Metrics That Matter: Choosing the Right KPIs for Each Alliance
This month’s Collaborative Connection Monthly (CCM) webinar and roundtable explored one of those evergreen topics that is easier said than done: selecting the right metrics for your alliance and measuring them over time. Louis Rinfret, PhD, and Michael Roch, CA-AM, the leaders of alliance management software platform company allianceboard, have spent the last several years devising a diverse set of KPIs to track a wide variety of strategic alliances and helping clients monitor them on an ongoing basis. In their presentation, “Measuring Sticks: Which Metrics Matter, and What They Mean,” the two featured CCM guests broke down the different categories of metrics and the situations for which they are appropriate.

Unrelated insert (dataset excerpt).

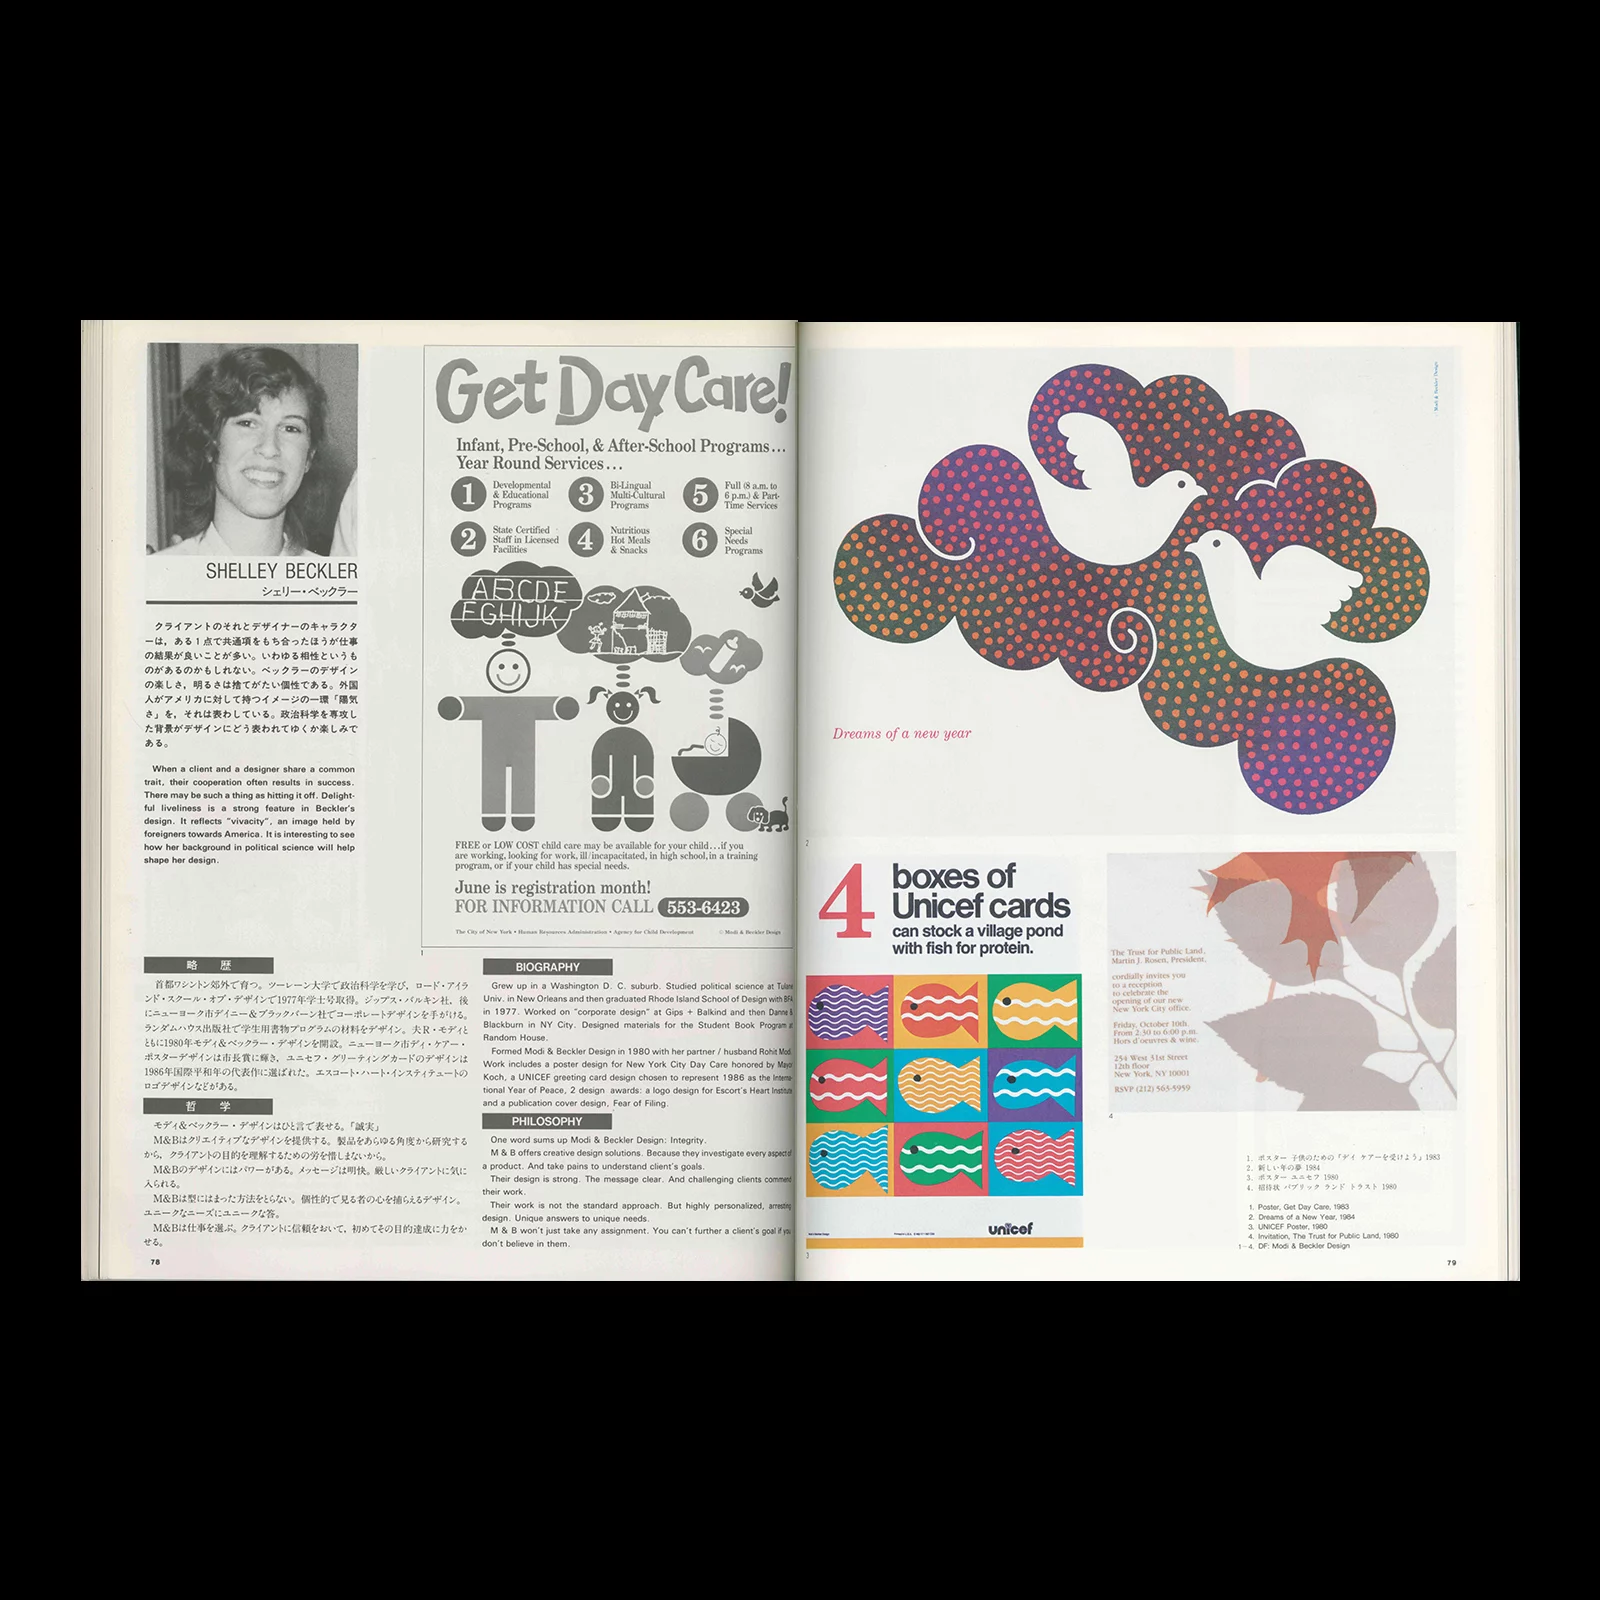 IDEA Extra Issue - Women Designers of America, 1988 - Shelley Beckler

But in order to identify the right KPIs for every collaboration, it’s essential to understand that “your metrics are going to be dependent on what you’re trying to do,” according to Rinfret, allianceboard’s founder and CEO. “The first question is, what really matters? Metrics are a way to focus people’s attention on what’s important and what’s really going to move the needle. This question of linking the metrics to strategic goals of the organization is critical.”

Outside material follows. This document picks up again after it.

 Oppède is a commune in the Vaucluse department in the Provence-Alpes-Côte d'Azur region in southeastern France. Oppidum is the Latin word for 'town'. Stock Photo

Designed Metrics for Desired Outcomes
Roch, the company’s chief commercial officer, outlined three types of metrics: 1) those related to measuring specific outcomes, such as codevelopment of a prototype or innovation-related investment for R&D initiatives, or the level of influence exerted by a partner in generating revenue and opportunities in the context of cosell relationships; 2) KPIs highlighting the activities associated with an alliance; and 3) measures that illustrate alignment with partners. Where the former can differ from alliance to alliance, the latter two, which can encompass decision making, risk management, execution, and relationship quality, among other elements, are the same across the board, regardless of the alliance’s purpose.
“[Activities and alignment measures] go to your alliance management practice within the company that you operate [in],” said Roch.
Roch named several specific metrics in each of these categories. Outcome-related KPIs depend on what the alliance is trying to achieve, and a collaboration is generally trying to do one of five things: 1) innovate faster, 2) reduce costs, 3) grow revenues, 4) break into new markets, or 5) do good for the environment and society. Innovation could be measured by crystallizing the time it takes to develop a prototype, for example, while tracking the costs avoided by partnering could illustrate how an alliance achieved bottom-line savings. Counting how many times a partner introduced an opportunity helps measure partner-assisted revenue growth, while ESG alliances might necessitate keeping score on the “proportion of objectives achieved” in that relationship, according to Roch.
“Again, it depends on what you are trying to achieve with your alliance,” Roch said. “When you have many alliances, each with a slightly different purpose, you look at the specific measures for the specific alliance purpose.”
Relationships Measured in Healthy Opportunities
Drilling down into the specific activity and relationship measures, Roch recommended segmenting KPIs into two subgroups: 1) relationship health and 2) opportunities to engage the partner in new ways. For the former, alliance managers might want to consider tracking how often their companies issue health checks, not just the insights that come from the health checks themselves.
“Are we complying with our own agreement that we reached with our partner? How is the alliance health tracking over time?” said Roch.
On the opportunity side, Roch reminded the audience that if an alliance is truly strategic, the current initiative is just one component of a multilayered value proposition.
“How am I looking after my partner for additional opportunities, and how is that being reciprocated?” he said.
A Hive of Activity KPIs
Later in the presentation, Roch segmented activity metrics into three more subcategories: 1) decision making, 2) risk management, 3) and execution, both in terms of quality and efficiency. The first entails charting things like how long it takes to resolve issues and how many escalations alliance managers prevented from landing in JSC meetings. Risk management metrics account for how the alliance team mitigated risks, not just the risks themselves that were headed off. Finally, execution can be measured by tallying the number of individual goals achieved, how many of those were realized despite working with a less-than-optimal number of resources, and how fast they were reached, for example. Non-revenue-generating alliances might be measured by the learnings that were implemented along the way, Roch added.
Start from the Top and Avoid “Vanity”
It’s not enough to align metrics to the right category; alliance managers have to get senior management to explicitly agree to the KPIs that will be used to illustrate the success of the partnership.
“If you design this process in isolation it might look great, but if you don’t have the buy-in of your key stakeholders, then there’s not going to be much value to your metrics,” said Rinfret, before cautioning the audience against formulating “vanity metrics,” “numbers that people look at but are not actionable [and] don’t serve any purpose.”
Rinfret also stressed the importance of appointing an owner for each metric, someone who is responsible for charting the progress (or lack thereof) toward it in monthly and quarterly meetings. Roch added that while outcome measures might be owned by other divisions within the company, the relationship/activity pieces are in alliance management’s purview, and it’s in everybody’s interest to track them, especially the alliance manager’s.
“That’s also how you elevate the visibility and the importance of alliance management in the organization,” said Roch.